On the topic of excavating subaltern knowledges over the fifteen-year period that Foucault references (we are assuming the beginnings of postmodernism and poststructuralism), he states, “I am not the only one to have been doing this… . Far from it” (p. 15). One such thinker is Walter Mignolo, who has written on what he calls “border gnosis,” or knowledge kept on the margins (2000, p. 9). A border thinking implies new forms of thinking that works toward the restitution of knowledge that colonialism erased.  His books The Idea of Latin America (2005); Local Histories/Global Designs: Coloniality, Subaltern Knowledges, and Border Thinking (2000); and The Darker Side of Western Modernity: Global Futures, Decolonial Options (2011) have proven to be highly insightful histories — and subaltern histories — of the colonizing of Latin America.

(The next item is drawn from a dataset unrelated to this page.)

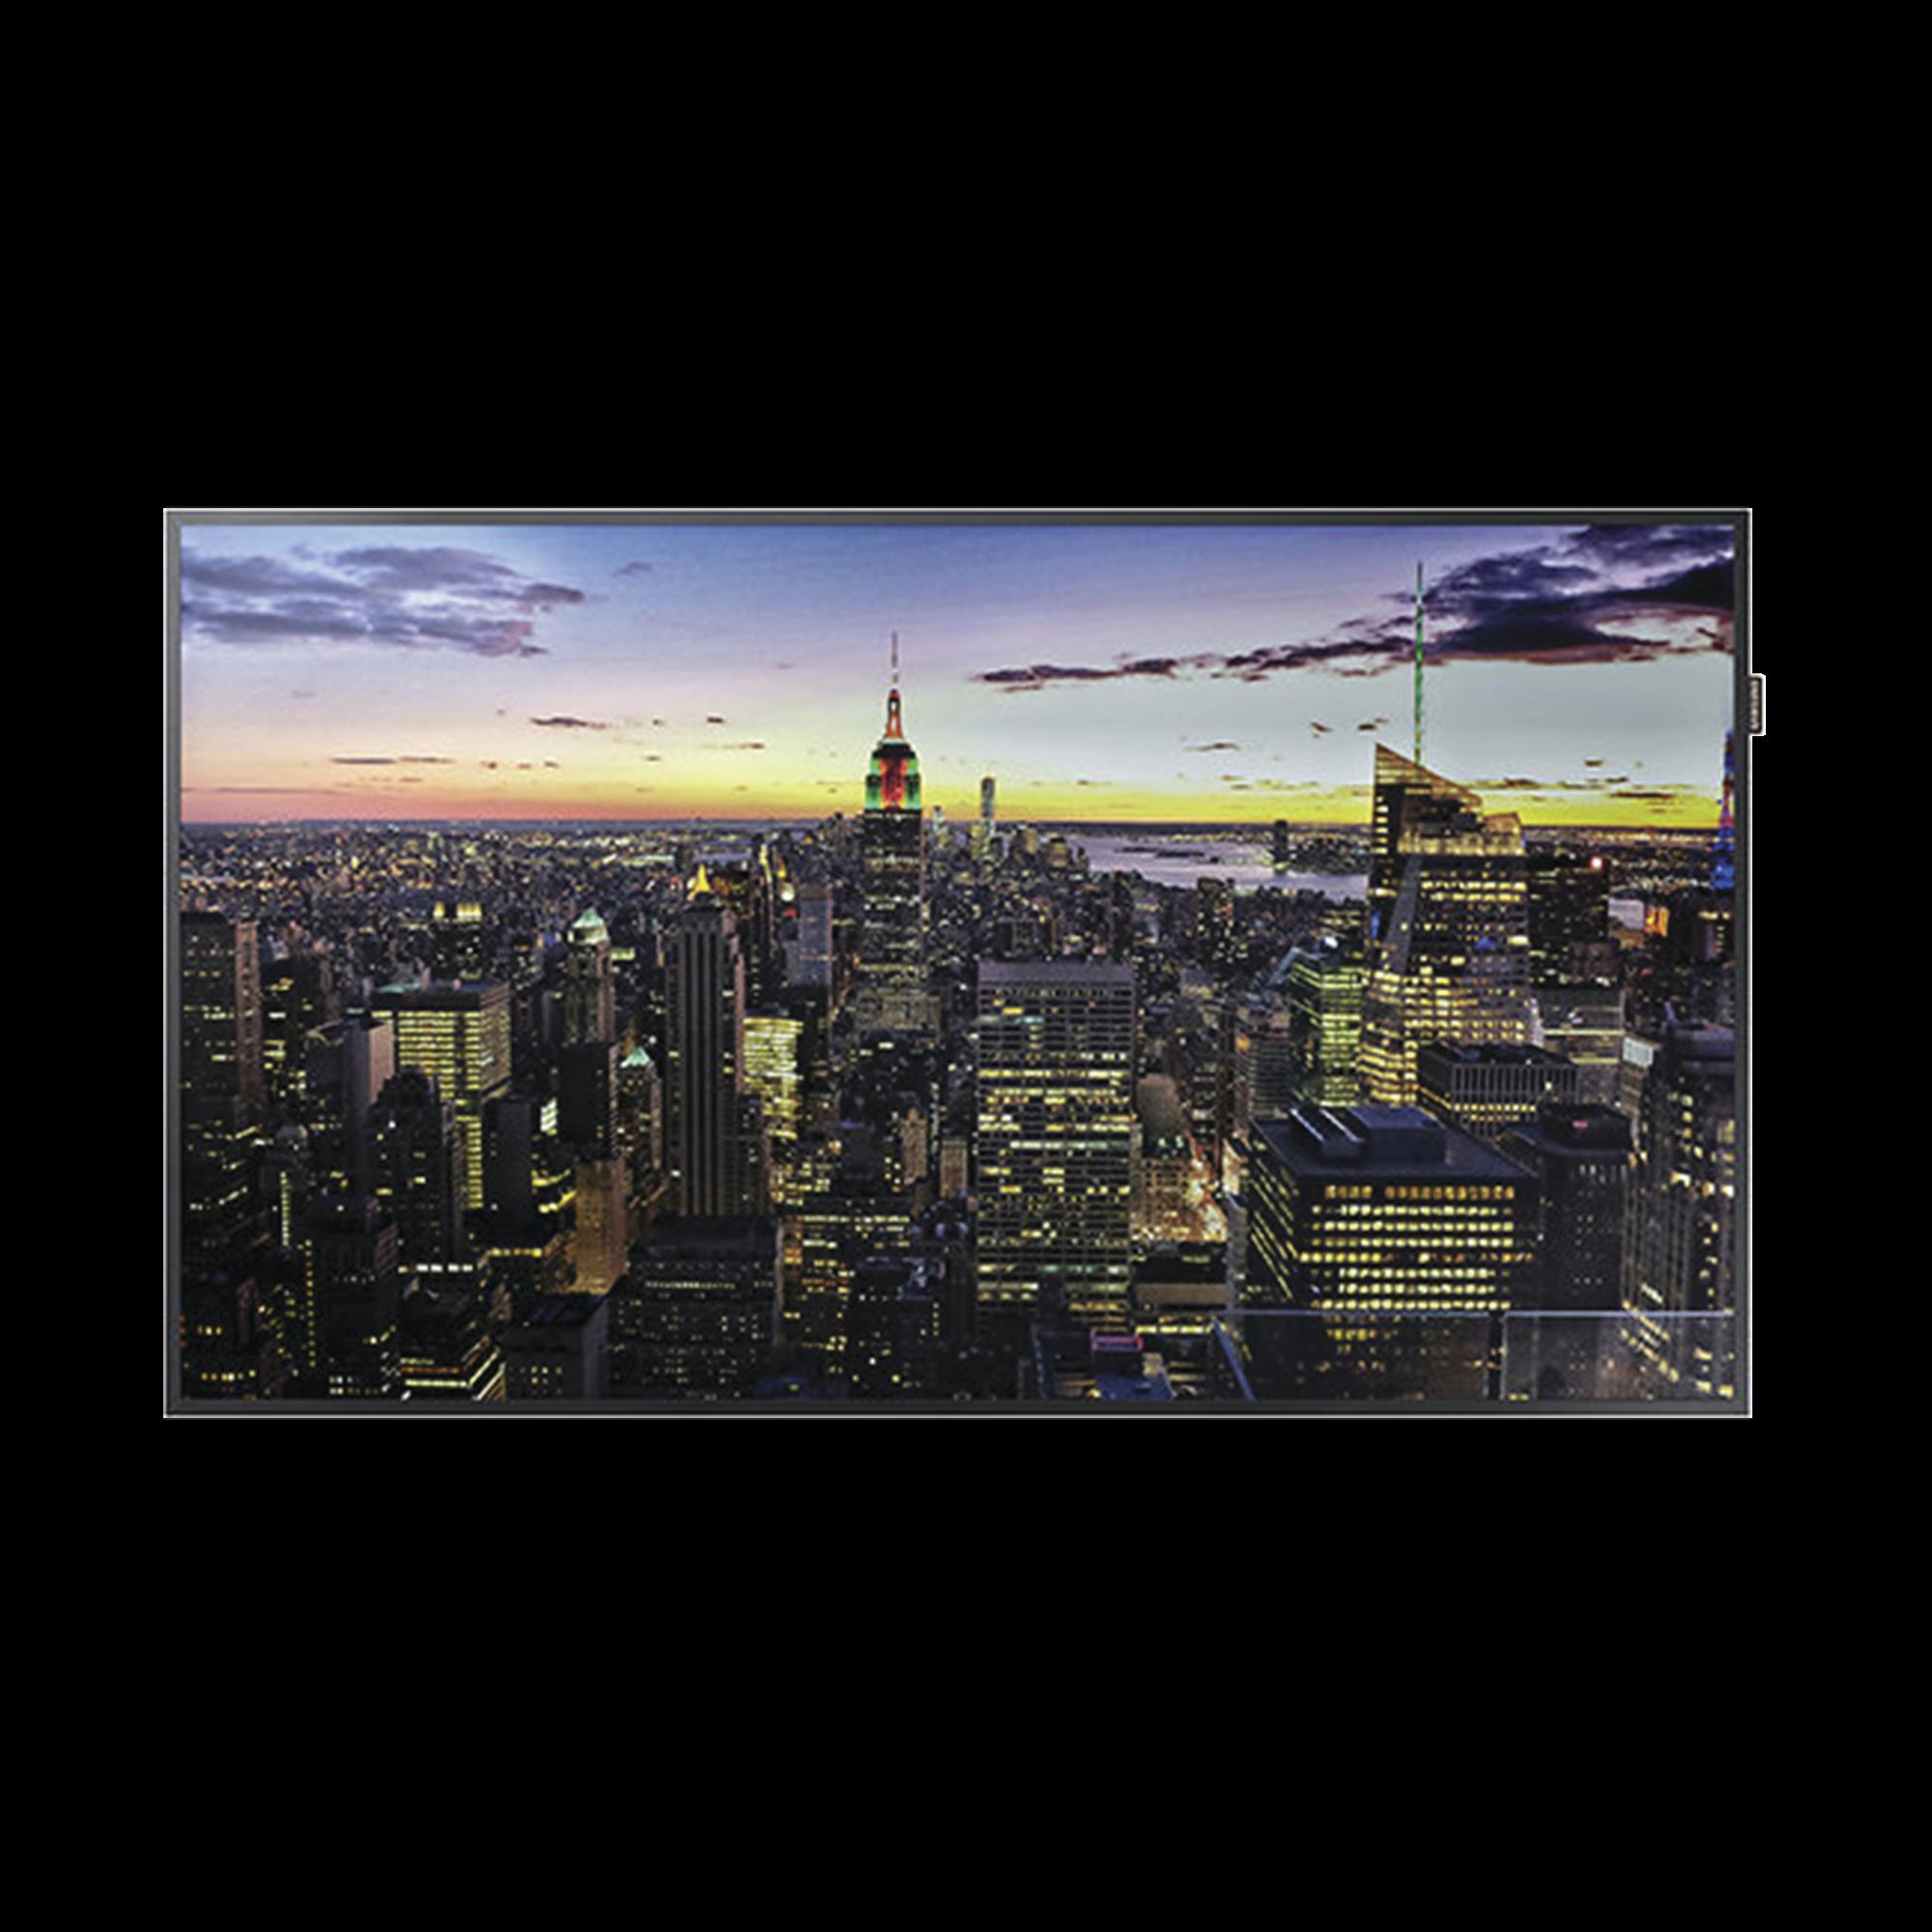 Pantalla Profesional LED de 55, UHD 4K (3840x2160p), Entradas de Video HDMI/DVI-D/DisplayPort. Compatible VESA

When it comes to language policy and planning, much of the world implements schooling practices born out of colonialism and that continue today through ideologies of globalization and neoliberalism, views that promise believers that they will become competitive in an ever-connected world market. The design of education policies and pedagogies often are created in light of “Western” epistemologies that shaped these structures for over 500 years through colonial rule. In the last sixty years, English as a foreign language has gained status as a highly sought type of social and political capital. Since the mid-twentieth century, however, non-Western epistemologies have called for de-colonialization in Africa, Asia, and Latin America on all levels of society, from philosophy to government, from community to school organization.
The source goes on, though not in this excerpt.